CONVERSATION: Edmond and Catherine
“And the children. Of course. The future of us all.”
It’s a low, clipped voice, an Englishman’s voice, wry and sarcastic. The woman laughs, rough, deep in her throat, not a lady laugh.
“My son,” he goes on, “and don’t give me that expression, Catherine, we both know he’s my son. Your granddaughter. Granddaughters, both of them, the other has potential too from what I hear.”
“Naturally she does, untrained. We’ve left her too late. She’s willful.”
“So are they all, trained or not, Catherine.”
They laugh again.
“They like to think,” Edmond adds, pouring himself a drink, “that they go their own directions. We must let them keep the impression---that they’re oppressed but smart enough to elude it.”
“James views himself as a great rebel. But he’s a talented young man. He’ll come round.”
“He seems to have been more of a hindrance than a benefit to you. I have never understood why you bothered, Edmond.”
There is a light clinking of metal, tea-spoon pushing into Catherine’s cup.
“No son of mine’s a use picking rice with his whore mother on some Indochinese bay.”
“Whore? In front of me?”
“You’re no woman to me, Catherine, and you should accept it for a compliment.”
“I am flattered.”
She sounds exactly like Olivia, or is it the other way round? The words, the inflection, the little smirk.
“You could have have real children, your blood all the same. You wouldn’t have had to pick him up.”
Catherine sniffs and shifts in her chair. Edmond should be offended but he isn’t. Their children aren’t parts of them.
“I’ve no time to circle round a wife who couldn’t understand---”
“I offered you Elizabeth.”
Her tone is clipped, pointed.
“I offered you Elizabeth,” she repeats, “And she would have had you.”
“Out of her endless obedience only. We know where Elizabeth’s loyalties really are.”
“Don’t tell me you were looking for a doting wife, Edmond.”
“And beyond that, I don’t want information in my house being sent back to you and your people at all times. That would be why you’d plant her in my bed.”
“Not at all.”
“Even without it, you know where Elizabeth is drawn and I as well.”
A sigh. Catherine’s. They pause.
“Nothing ever goes as it should.”
“Not enough, no. I am sorry about William, I mean that.”
“It shouldn’t have happened. Not now.”
“And nothing ever happens---”
She draws out her breath and returns to sharp.
“Your son is coming to the funeral?” Edmond asks.
“He should and I think he will---he’ll be burdened with conscience if he doesn’t. I think the right appeal would bring Pia as well.”
“You want her, then?”
“At least for a few days. I’ll need them all, everyone I can have and nobody like one’s own family.”
“She seems more loyal to her mother---”
“She is Doisneau. That is all,” Catherine snaps, takes a breath, “She should not have existed but as she does, she must be of us. You should know that, Edmond.”
And he does.
ELECTROGRAPH: Olivia to Pia
Pia STOP Grandfather dead STOP Youve been told I expect STOP People at house morning night STOP It is hell STOP Lot of talk over you coming or not funeral STOP Mother and Grandmother seem to want thought should know STOP choice yours but please do things getting in mess want you here STOP Olivia
LETTER: Elizabeth to Teddy
Father is dead. It was unexpected---the doctor says it was a heart condition he must have been unaware of. He was in his study when it happened and his heart failed immediately and without, I believe, pain. He was fortunate in that, at least. It was a comfort for me to know it was quick and I hope it is for you as well.

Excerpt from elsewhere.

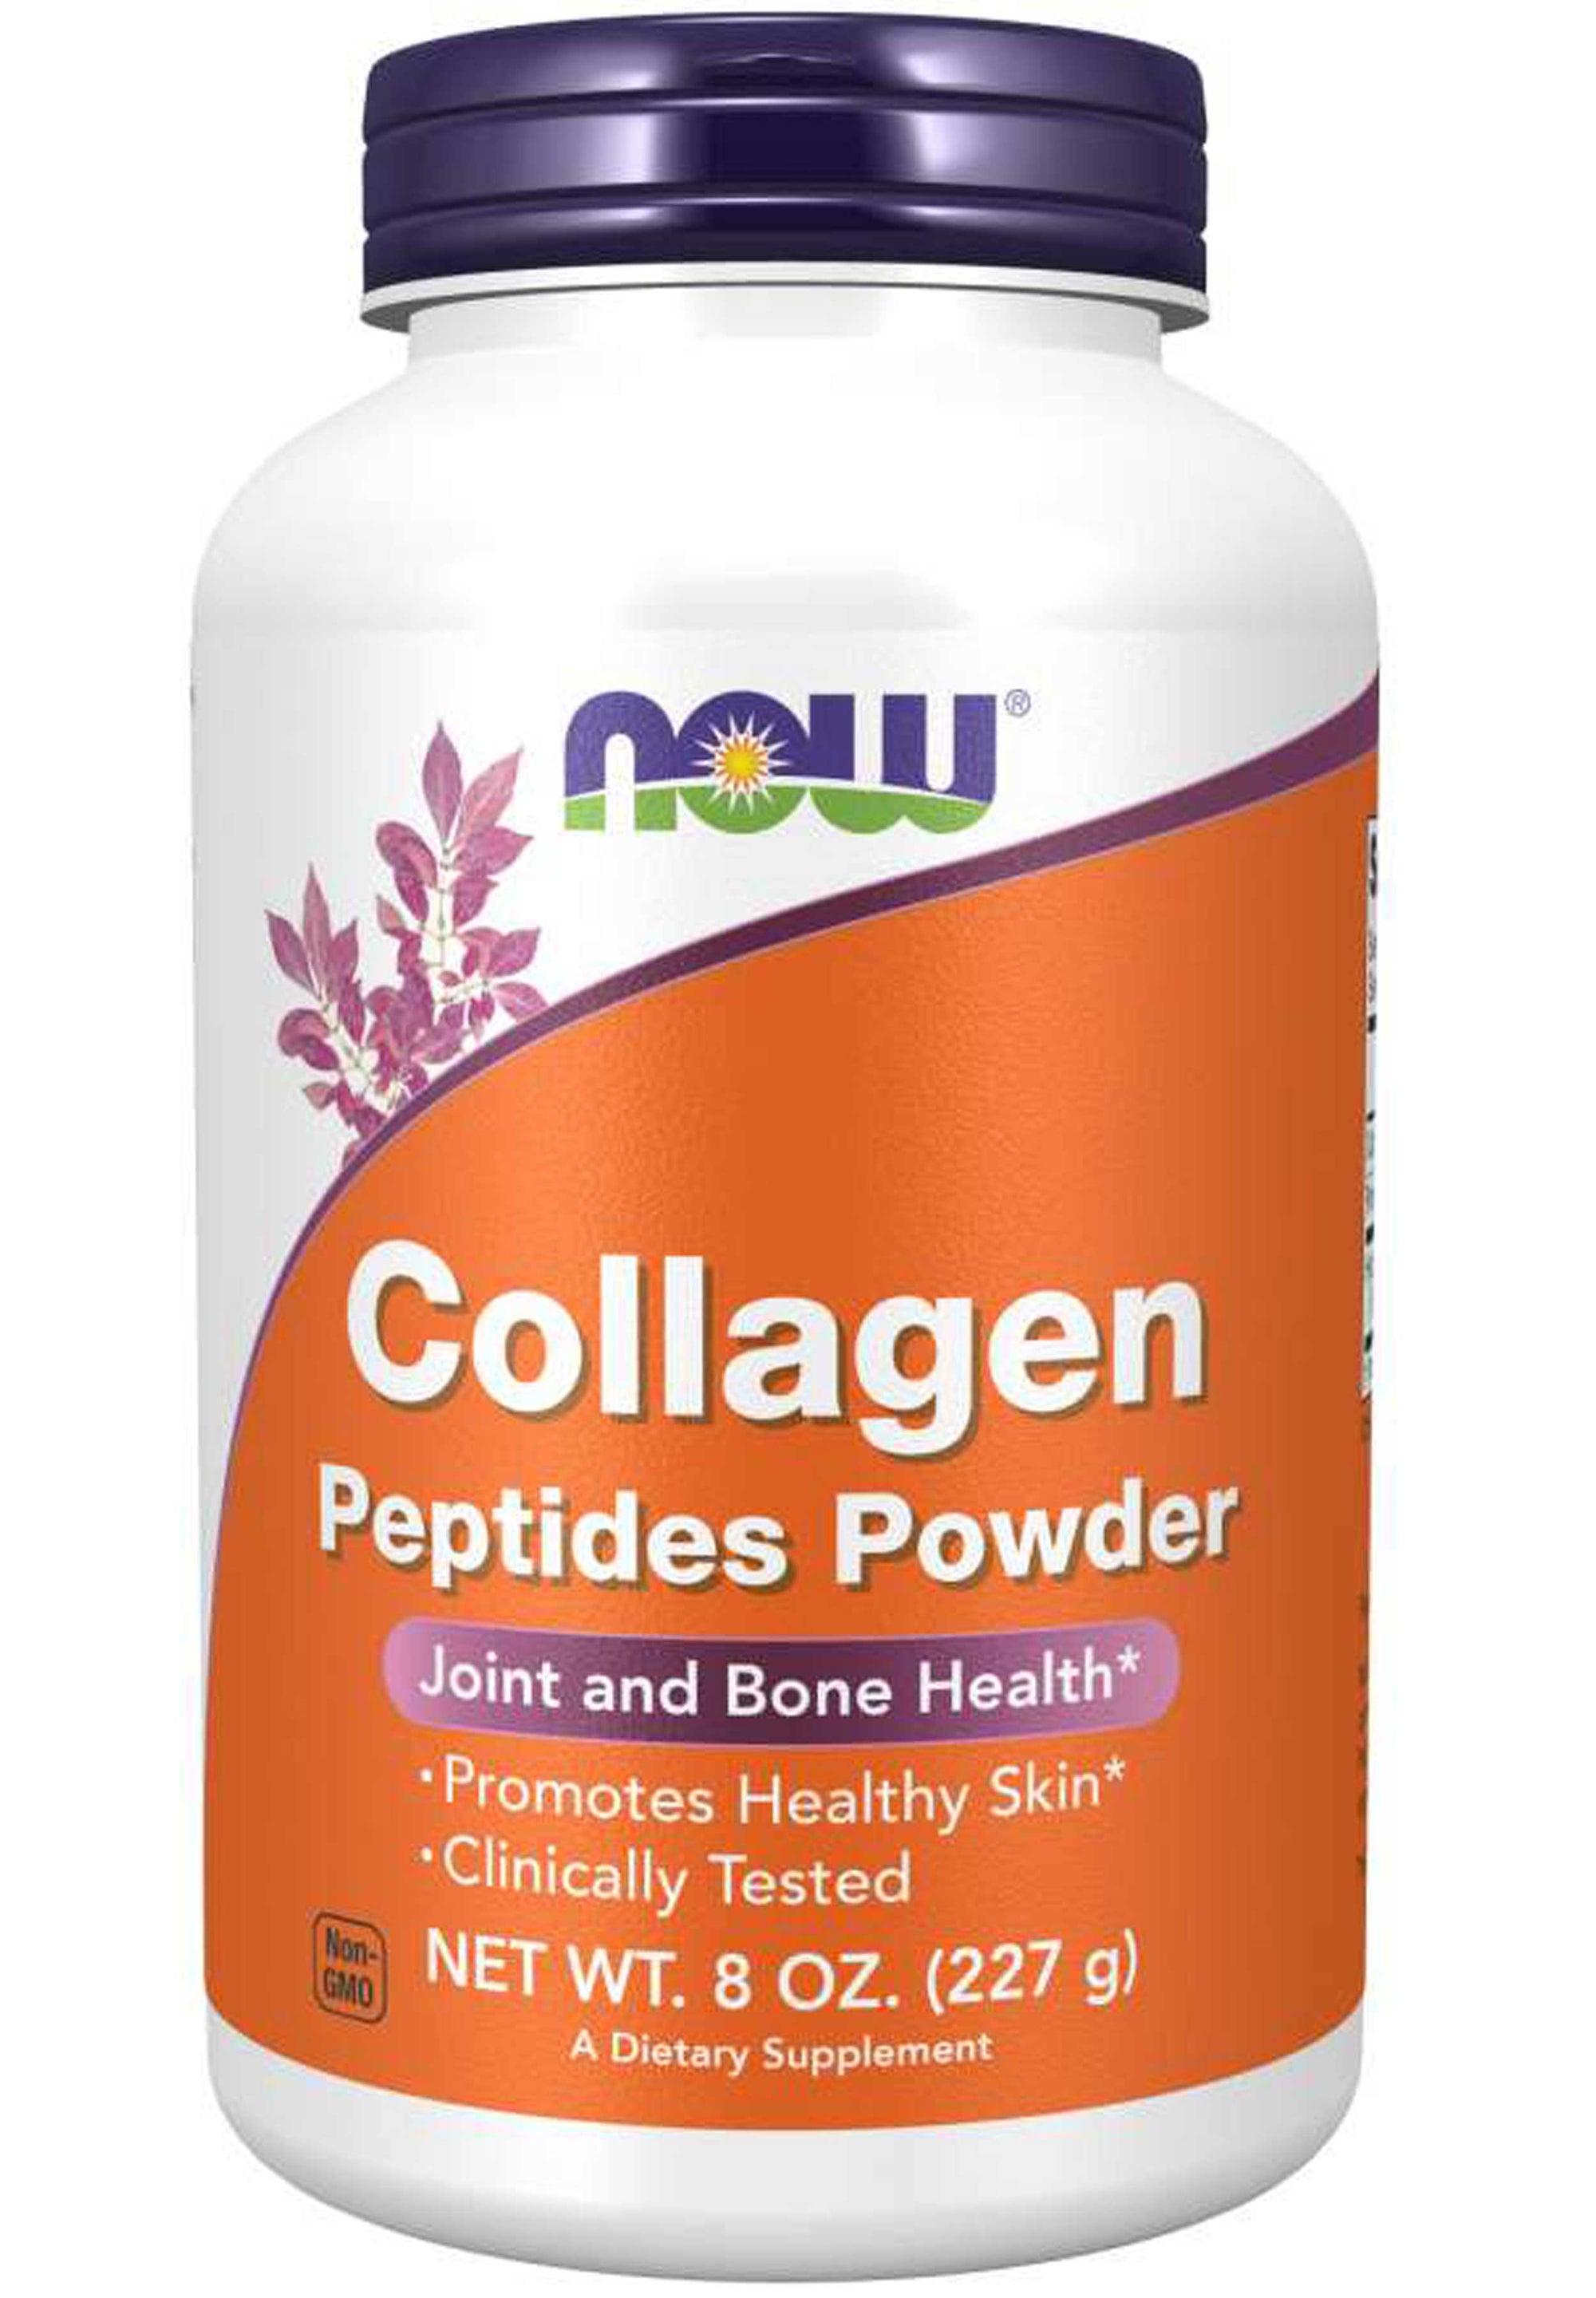 NOW Collagen Peptides Powder Supplement First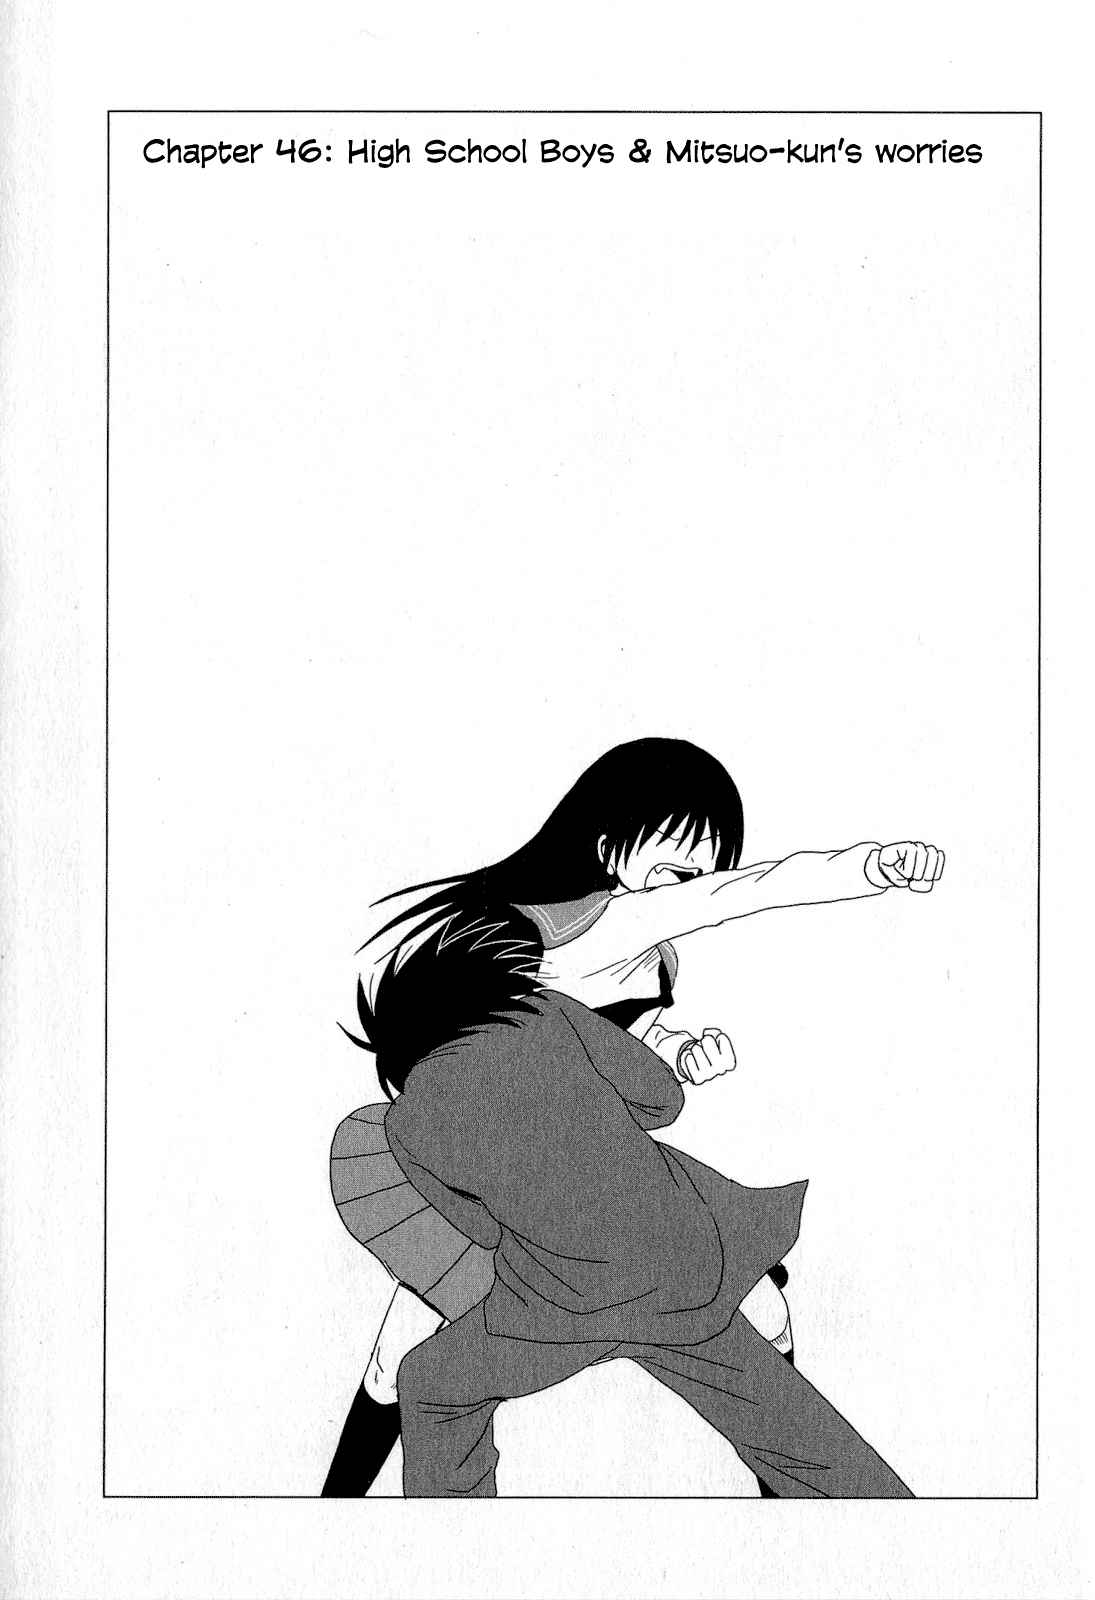 Danshi Koukousei no Nichijou Vol. 3 Ch. 46 High School Boys And Mitsuo kun's Worries

The funeral is on Sunday. I know I have told you not to return but for this it wouldn’t be right for you to stay in Paris . I cannot order you to come and I wonder if it is unnecessary to ask in the way I am. Surely you’re not a man who would let petty pride keep him from his father’s funeral. Are you?
We must be together, all of this family, whichever side.
I’ll see you on Sunday (your daughter as well)?
All my love,
NOTE: James to Olivia
I’m sorry to hear about your grandfather. Out of all of them, he seemed a fairly decent man.
Have you found anything more? I’ll be at your house tomorrow with Edmond to pay my respects as you’d call it and I’ll have you meet me at four-thirty on the back stairs if you have and we’ll go somewhere to discuss it.
CLIPPED FROM SEEN AND HEARD BY DAISY GABLER
All of New York gathers round the mourning of New York’s best and it is said that a certain society hostess closely related to the dead has turned the funeral into a social event---some are attending who never met the dead. How gauche. Good thing the lady would never admit it. In fact, a good source says that she’ll be using the event to marry off her brunette debutante daughter to Western Oil---but no lady of New York would ever do that, my darlings. Would she? There’s nothing for good connections like a funeral even if we don’t talk about it and we may be seeing Paris’ most notorious in New York as well.